Government publishes revised draft regulations on the sale of CRC allowances | Practical Law

Government publishes revised draft regulations on the sale of CRC allowances | Practical Law

An update on a revised draft of the CRC Energy Efficiency Scheme (Allocation of Allowances for Payment) Regulations 2010, which were published in February 2010.

Government publishes revised draft regulations on the sale of CRC allowances

Practical Law UK Legal Update 0-501-6005 (Approx. 3 pages)

Government publishes revised draft regulations on the sale of CRC allowances

by PLC Environment
Published on 02 Mar 2010UK
An update on a revised draft of the CRC Energy Efficiency Scheme (Allocation of Allowances for Payment) Regulations 2010, which were published in February 2010.

Speedread

In February 2010, the Department of Energy and Climate Change:
  • Published a revised version of the draft CRC Energy Efficiency Scheme (Allocation of Allowances for Payment) Regulations 2010 (the Draft Allocation Regulations); and
  • Confirmed that there will be no separate legislation on the recycling of revenue from the sale of Allowances under the CRC Energy Efficiency Scheme (the CRC) as the power to make these payments already exists under the Climate Change Act 2008.
The Draft Allocation Regulations cover the sale of Allowances in Phase 1 (the Introductory Phase) of the CRC, both in the Fixed Price Sales and through the Safety Valve.
This update will be of relevance to any private or public sector organisation in the UK that is required to participate in the CRC. The scheme will come into operation on 1 April 2010. Participants will be required to register for the scheme in April to September 2010, and the first sale of Allowances will take place in April 2011.
The Department of Energy and Climate Change (DECC) announced at the Environment Agency's CRC Energy Efficiency Scheme (CRC) conference, held on 24 February 2010 in Manchester, that a revised version of the Draft CRC Energy Efficiency Scheme (Allocation of Allowances for Payment) Regulations 2010 (the Draft Allocation Regulations) have been published and are due to be laid in Parliament before the summer recess.

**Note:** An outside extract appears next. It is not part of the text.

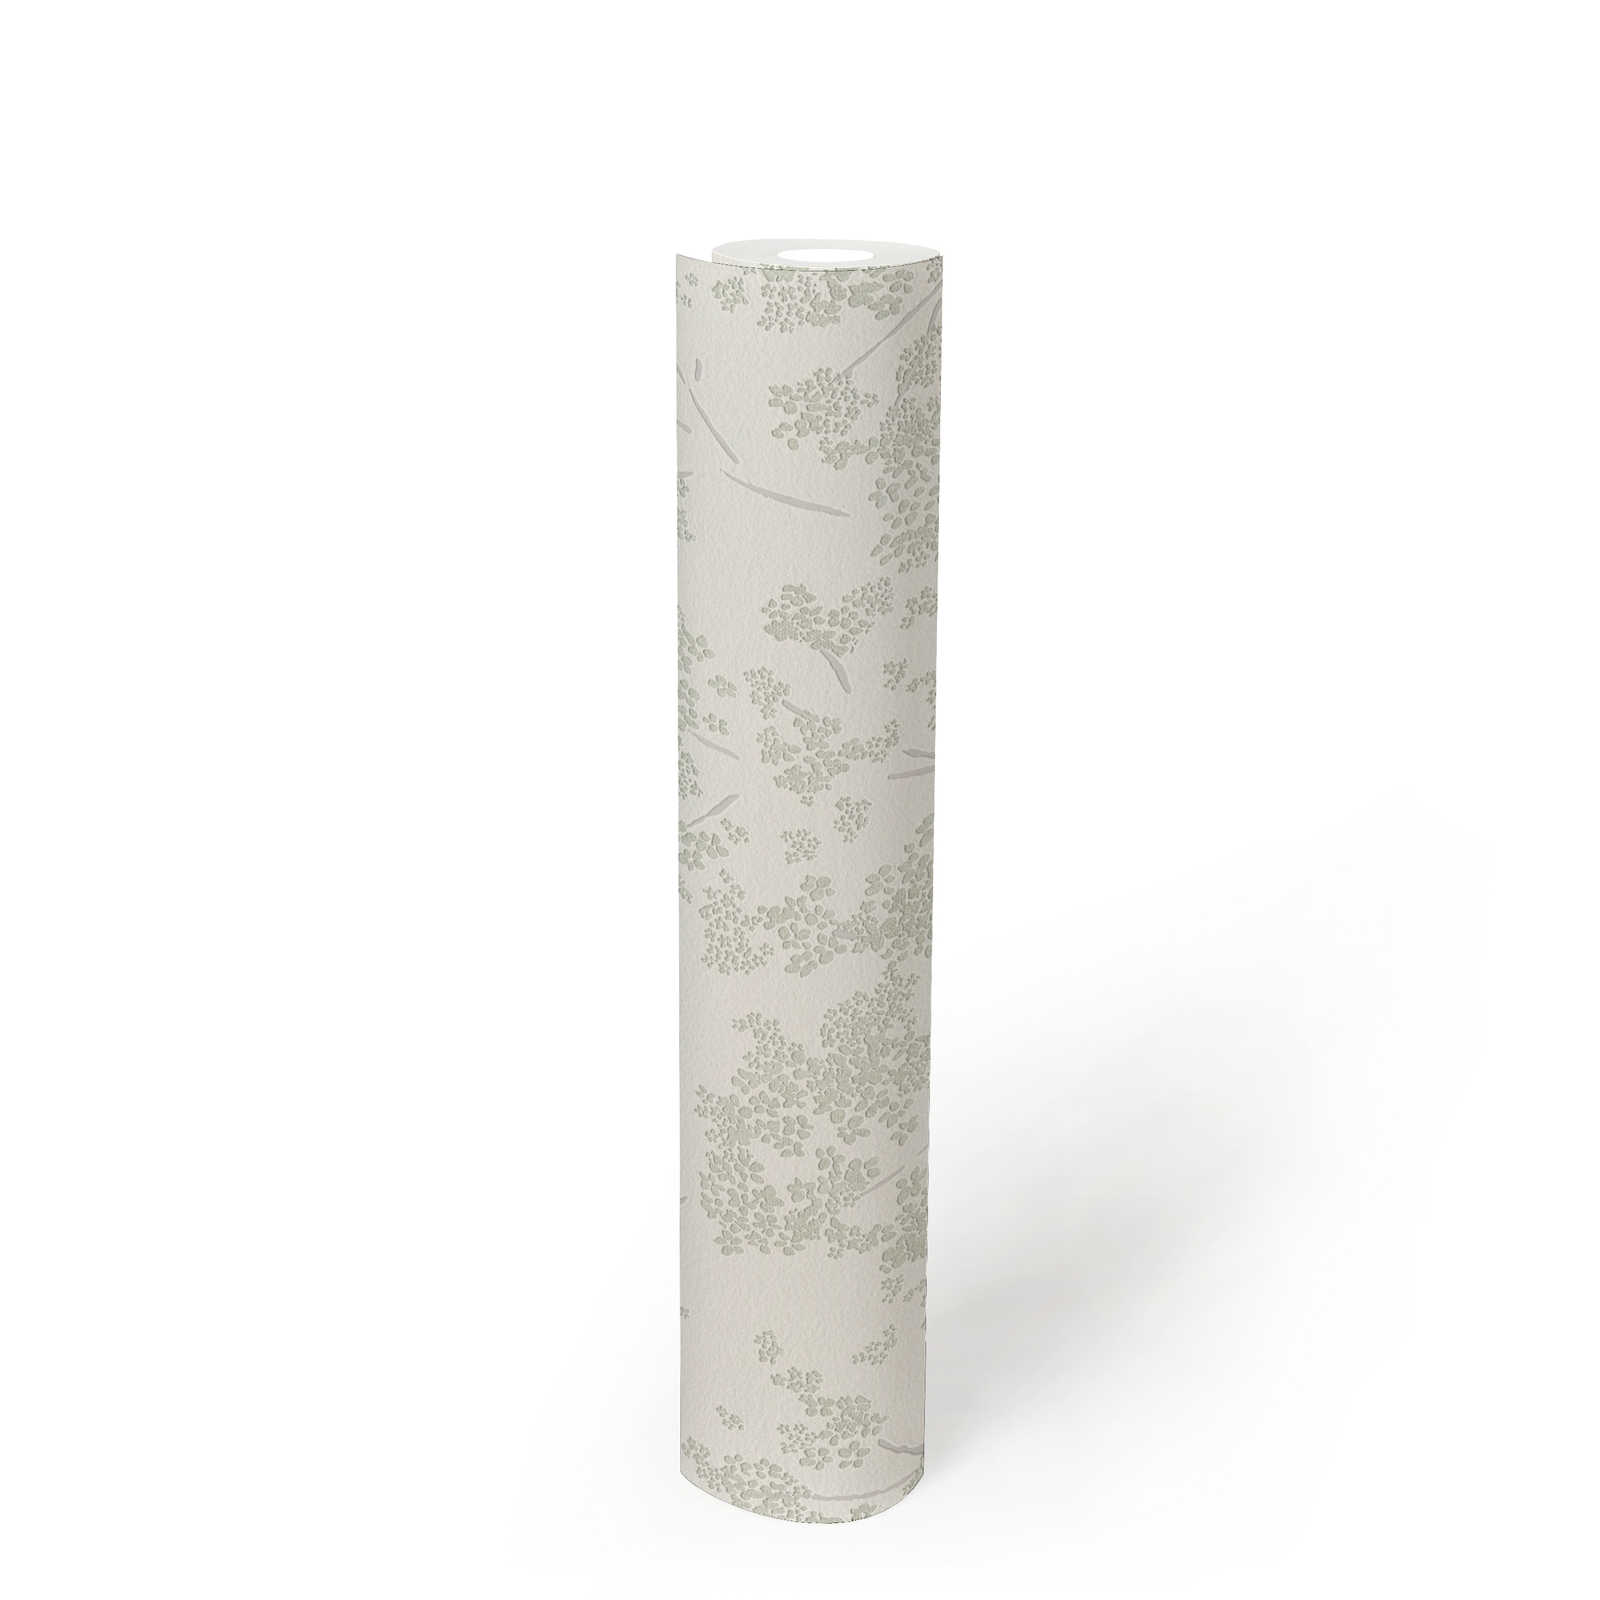             Vliestapete mit floraler Bemusterung – Weiß, Grün, Grau

The Draft Allocation Regulations are accompanied by a Policy Note. Guidance on Allowances is due to be published on the Environment Agency's website towards the end of March 2010.
The Draft Allocation Regulations set out the detail of how Allowances will be sold in the Fixed Price Sales and through the Safety Valve during Phase 1 (the Introductory Phase) of the CRC Energy Efficiency Scheme (the CRC). Fixed Price Sales are called "Main Allocations" and Safety Valve sales are called "Additional Allocations" in the Draft Allocation Regulations.
During the Introductory Phase, an unlimited number of Allowances will be sold at an annual Fixed Price Sale. Each Fixed Price Sale will last for a month. The price of Allowances in each of these sales will be £12/tCO2. As the first Compliance Year (2010/2011) is a reporting-only year, there will only be two Fixed Price Sales of Allowances in the Introductory Phase: in April 2011 (for the 2011/2012 Compliance Year) and April 2012 (for the 2012/2013 Compliance Year).
Once the Government has held the Fixed Price Sales, if participants wish to buy any more Allowances after that (for example, because they have emitted more than they predicted), they can do so either through the Secondary Market (by buying Allowances from other Participants or other Account Holders) or through the Safety Valve. The Safety Valve enables Participants to buy additional Allowances from the Administrator at certain stages during a Compliance Year (see regulation 8(1)). The price of Allowances bought through the Safety Valve is related to the price of Allowances in the EU Emissions Trading Scheme (EU ETS), but a minimum floor has been set so that the price will always be higher than buying Allowances from the Government in the Fixed Price Sales (or auctions in subsequent Phases of the scheme).
DECC had initially said that the minimum price of Allowances bought through the Safety Valve would be £12/tCO2, even if the price of EU ETS allowances fell below that. However, the minimum price set out in the Draft Allocation Regulations is £14/tCO2 (see regulation 11). According to the Policy Note that was published alongside the Draft Allocation Regulations:
"...the minimum price needs to be higher than £12 to counter the cash flow benefits that participants could realise by postponing buying all their allowances until the last possible moment, should the EUA price remain around the £12 level....It has been concluded that the minimum price must be at least £14 in order to help avoid the safety valve offering better value for money should the EUA price remain relatively low. Raising the minimum safety valve price does not increase the overall costs of the scheme because Government anticipates there being very little use of the safety valve, and so the slightly higher price does not have a significant impact on the overall costs of the scheme to participants."
DECC has also confirmed that there will be no separate legislation on the recycling of revenue from the sale of Allowances as the power to make these Revenue Recycling payments is already provided for under section 53 of the Climate Change Act 2008 (For more information see Practice note, Climate Change Act 2008.) However, DECC did say at the Environment Agency's conference that it will be issuing the EA with "instructions" on how the payments will work in practice. It is not yet clear if this information will be made public.